Six days later, on January 19th, President-elect Biden would stand on the path we had tread. In front of the Lincoln Memorial, he would mark the first instance of televised national mourning for the loss of 400,000 Americans to COVID-19. Along the Reflecting Pool, lanterns were lit against the backdrop of night falling, representing the lives of those who had died. Vice President-elect Harris, who days later would become the first woman and person of color to hold her national office, spoke, “For many months, we have grieved by ourselves. Tonight, we grieve and begin healing together.” [3]
President-elect Joe Biden, Dr. Jill Biden, Vice President-elect Kamala Harris and Doug Emhoff during a COVID-19 memorial at the Lincoln Memorial Reflecting Pool (2021) Photo: Associated Press
Watch
Farewell, Angelina by Melissa Dunphy from I take the long way there
June was presented as part of the recital-film project, I take the long way there. For more information about this program, check out my projects.
My family and friends will tell you that I am something of a Luddite, never acquiring comfortable fluency with my computer, outside of Internet searches, word processing tasks, and copious albums on Google Photos. As I navigated the beginnings of my career as a freelance artist, however, I reluctantly embraced certain means of marketing myself: a YouTube channel and a website, which I created after being told one too many times that I simply “did not exist” without them.

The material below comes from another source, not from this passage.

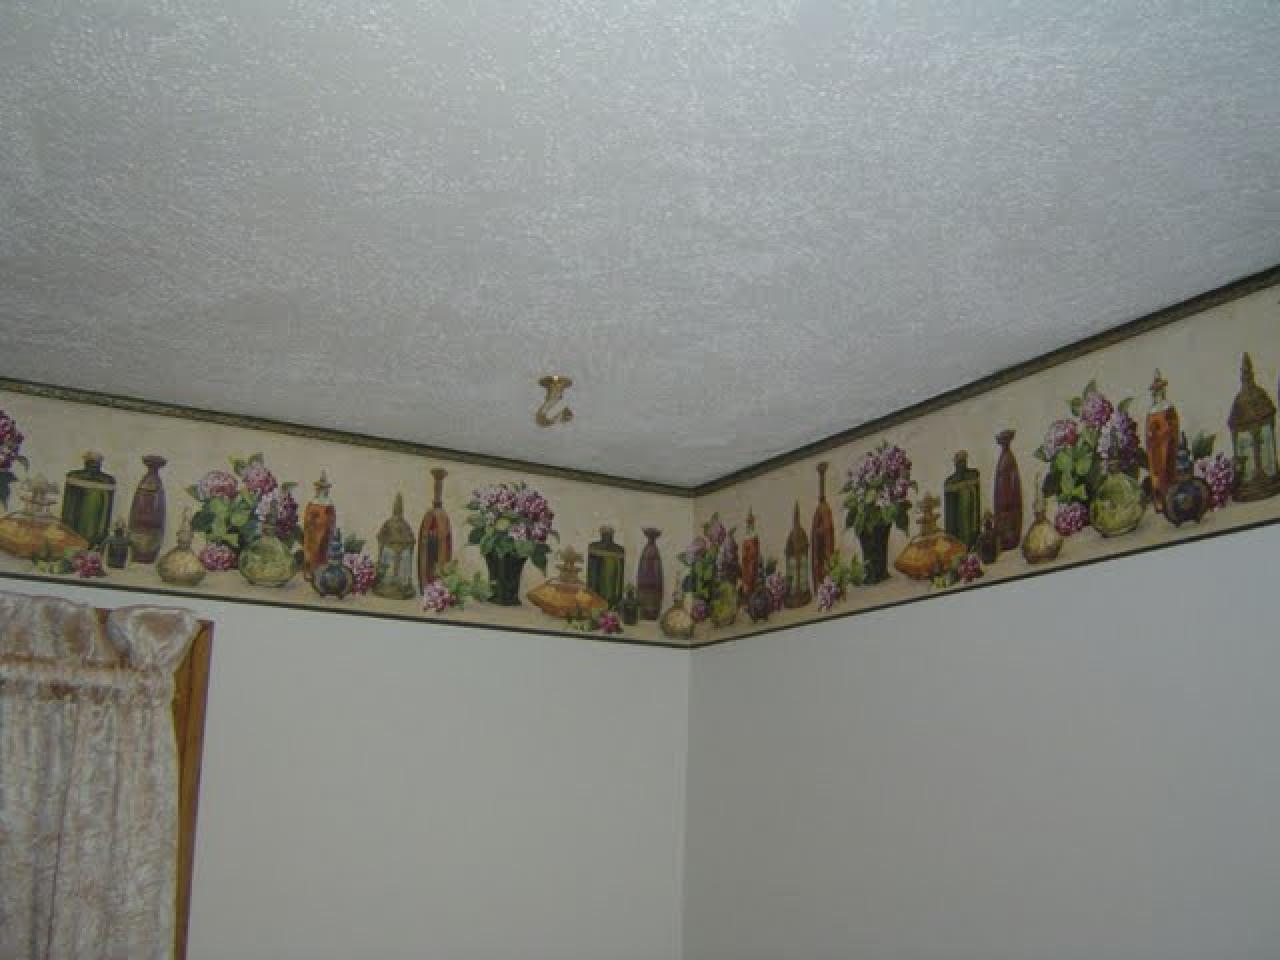 Wallpaper borders for bathrooms bathroom design ideas 1280x960

I must admit that after managing both for over eight years and finding some joy in controlling aspects of public self-representation, I still find these online landscapes overwhelming and insecurity-inducing. I will never be able to fully accept the callous and casual rejection of a “thumbs-down” from a total stranger, who may either completely dislike my work (and feel inclined to anonymously tell me so), or who simply wishes to inform an algorithm of their aesthetic preferences.
Woman turning on a radio (1927) Photo: Library of Congress
I reveled in live performance because, no matter how much I wished to control, mold, influence, and shape the final product, I was always forced to eventually let it go; the performance did not exist outside of a single moment, and whatever versions of ourselves that my collaborators and I performed for a particular audience, they too dissolved.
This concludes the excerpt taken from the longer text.